The simplest prompt is zero-shot: you describe the task, provide the input, and rely on the model’s pre-trained knowledge to produce the output.

Classify the text into neutral, negative, or positive.
Text: I think the food was okay.
Sentiment:

Zero-shot prompts work well for anything the model has seen many similar examples of during pre-training — sentiment classification, summarization, translation, simple Q&A. They fail when the task is domain-specific, when the output format matters, or when your notion of “correct” does not match the model’s defaults.

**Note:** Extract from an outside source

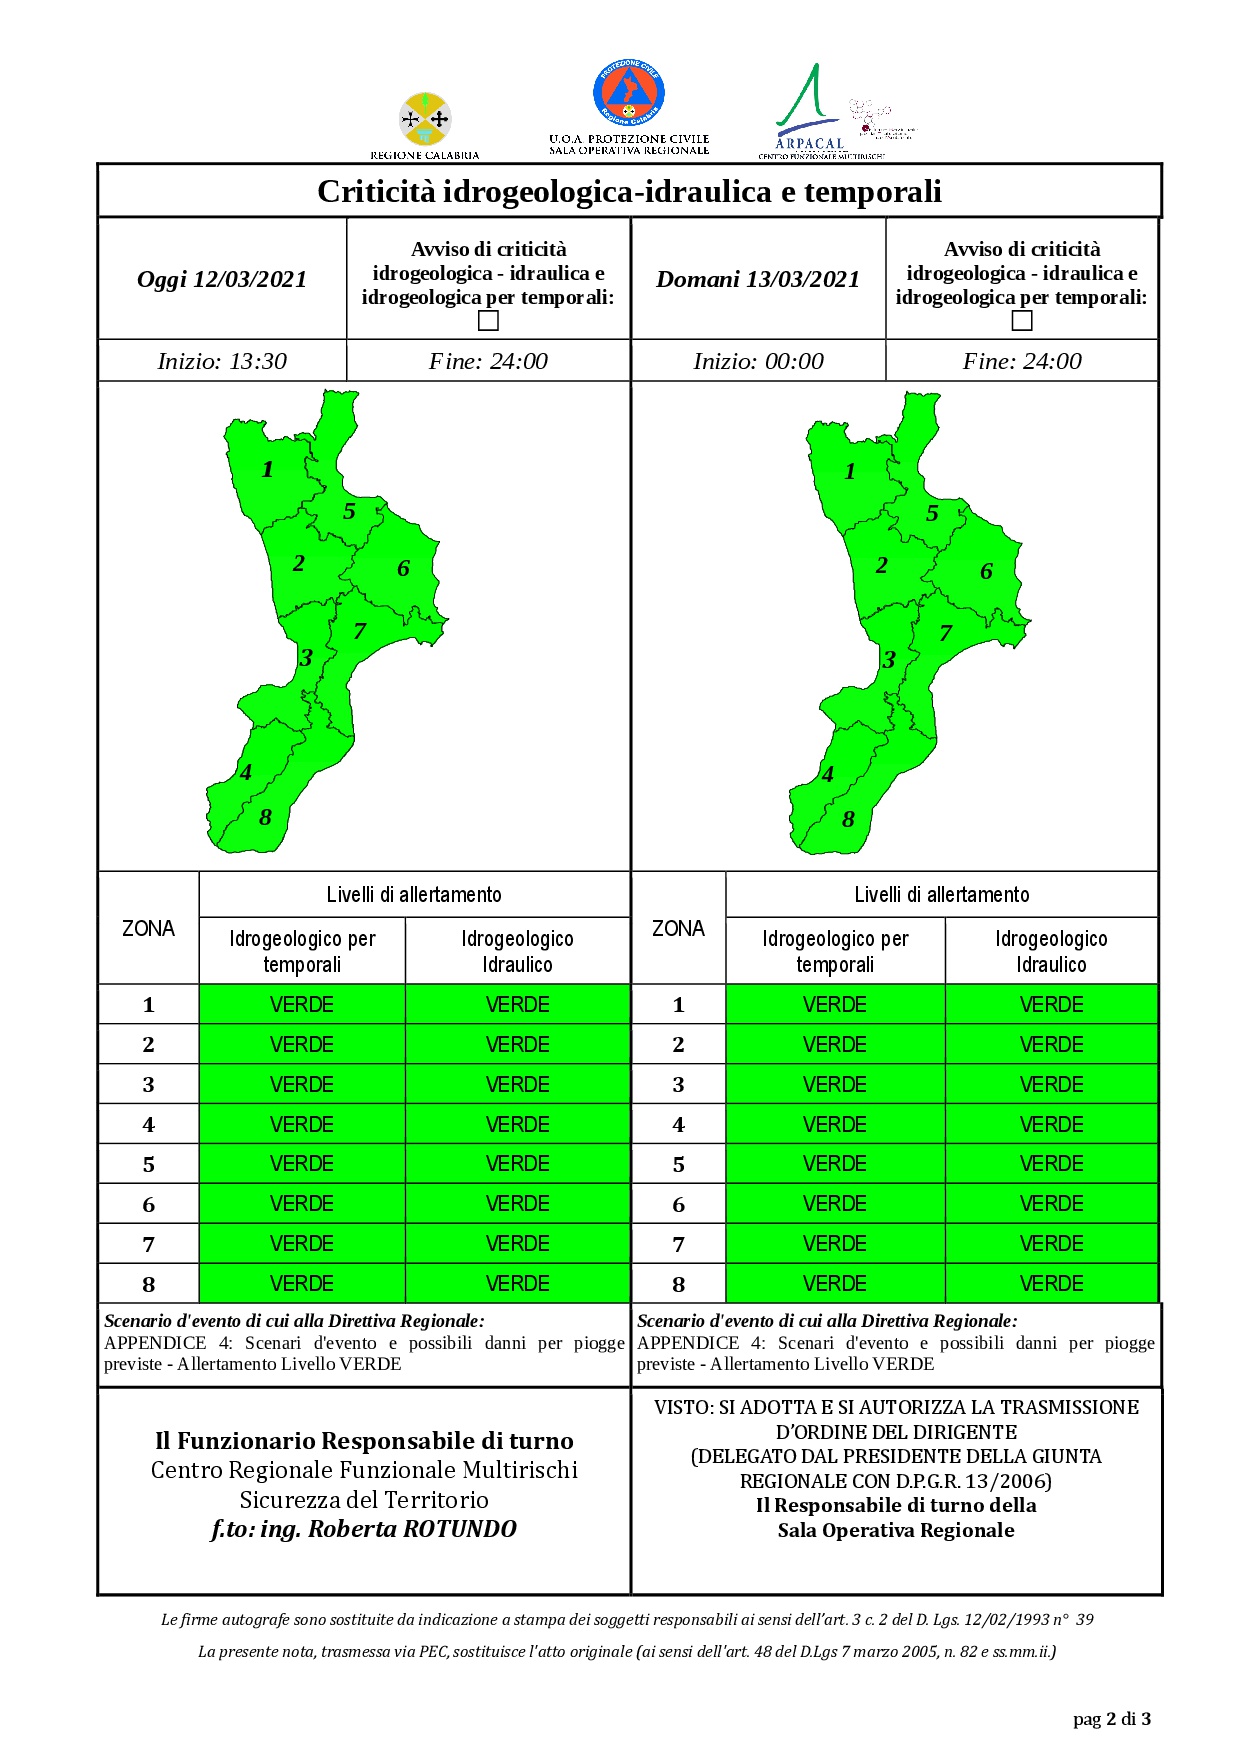 Criticità idrogeologica-idraulica e temporali in Calabria 12-03-2021

Few-shot prompting addresses the second and third problems by embedding a handful of input-output examples directly in the prompt, so the model can see what a good response looks like before generating its own.

Classify the text into neutral, negative, or positive.

Example: The food was awesome.
Sentiment: positive

Text: I think the vacation is okay.
Sentiment:

Research has surfaced a counterintuitive finding about why few-shot actually works in large models: larger models learn mostly from the format of examples, not from the labels themselves. Wei et al. (2023) showed that deliberately flipping the labels in few-shot examples barely hurts large-model accuracy on many tasks, while the structural consistency of the examples matters enormously. The practical implication for you is to put your energy into keeping the example format clean and consistent, rather than agonizing over which particular examples are most “informative.”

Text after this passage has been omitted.